Trabzonspor karşılaşmasında tempoyu oyunun geneline yayamadığımız gibi maçtan çok fazla düştüğümüz zamanlar oldu. Sanki maçı kazanmış gibi bazen rahat hareket edebiliyoruz. İlk golü şanssız yemenin ardından Trabzonspor'a birden aşk gelmiş gibi inanılmaz ataklar yaptılar ve öne geçebilecek pozisyonları yakaladılar. Serkan Balcı kaleciyle karşı karşıya kaldığında golü atsa bugün çok daha farklı şeyler yazıyor olabilirdim. Galatasaray'ın böylesine üst düzey maçlarda elbette tempoyu üst düzey seviyede koruması imkansız ama maçtan asla düşmemeli. 2-0'dan sonra özellikle Galatasaray savunması sürekli öne çıkmadı denedi ve rakip bizim savunmamızın arkasına attığı toplarla çok etkili oldu. Böylesine tempolu oynayan takım elbette pozisyonlar verecek ama bunları en aza indirdiğimiz dakikada zaten Rijkaard'a duyduğumuz sabırın meyvelerini toplamış olacağız.

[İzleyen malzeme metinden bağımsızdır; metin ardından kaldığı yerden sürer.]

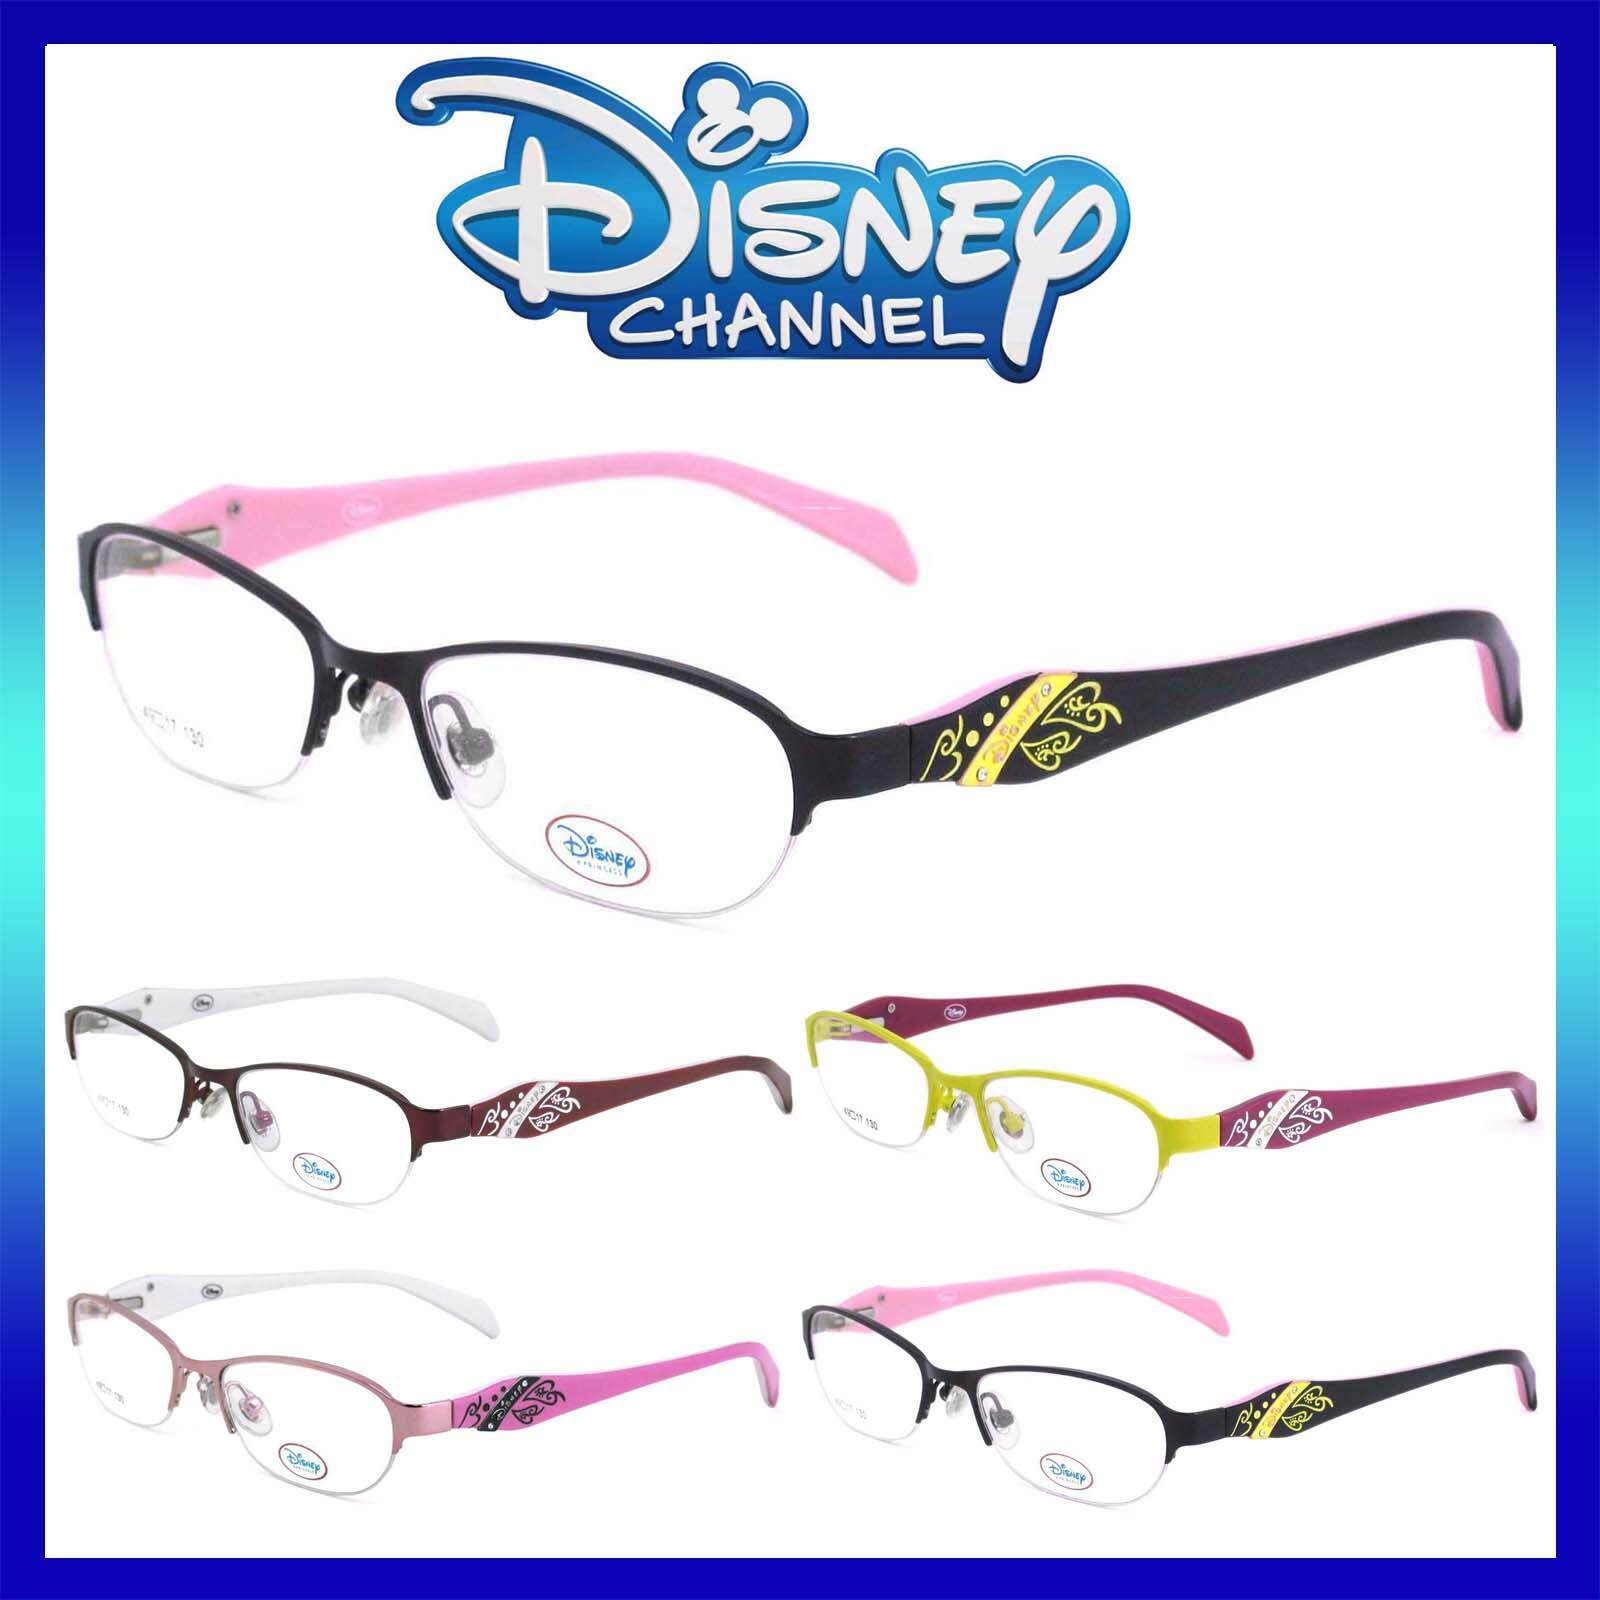 แว่นตาเกาหลีเด็ก Fashion Korea Children แว่นตาเด็ก รุ่น DY 018 กรอบแว่นตาเด็ก Rectangle ทรงสี่เหลี่ยมผืนผ้า Eyeglass baby frame ( สำหรับตัดเลนส์ ) วัสดุ สแตนเลส สตีล เบา ขาสปริง Eyeglass Spring legs Stainless Steel material Eyewear Kid  Top Glasses

Arda Turan için de bir başlık açmamız gerekiyor. Arda bugün gol atmasına rağmen son haftalarda gösterdiği performans düşüklüğünü bu maçta da göstermeye devam etti. Maçın genelinde fazla aktif olamadı ama büyük futbolcular gibi maçın bir anında çıktı ve mükemmel bir vuruşla skoru 3-2'ye getirdi. Sanki Arda Turan'a hem Galatasaray hem de Milli Takım olarak çok fazla yüklendik gibi. Hücumun bütün organizasyon yükü bu futbolcunun üstüne kalıyor ve bir zaman sonra düşmeler başlayabiliyor. İyi bir Elano'nun orta sahaya geçmesiyle beraber Arda'da sol çizgide oynarsa hem sorumluluğu azalacak hem de performansı otomatik olarak artacaktır. Büyük ihtimalle Rijkaard'ın da kafasında bu vardı ama Elano takıma cuma günü takıldığı için bu maçta yedek bırakmayı tercih etti.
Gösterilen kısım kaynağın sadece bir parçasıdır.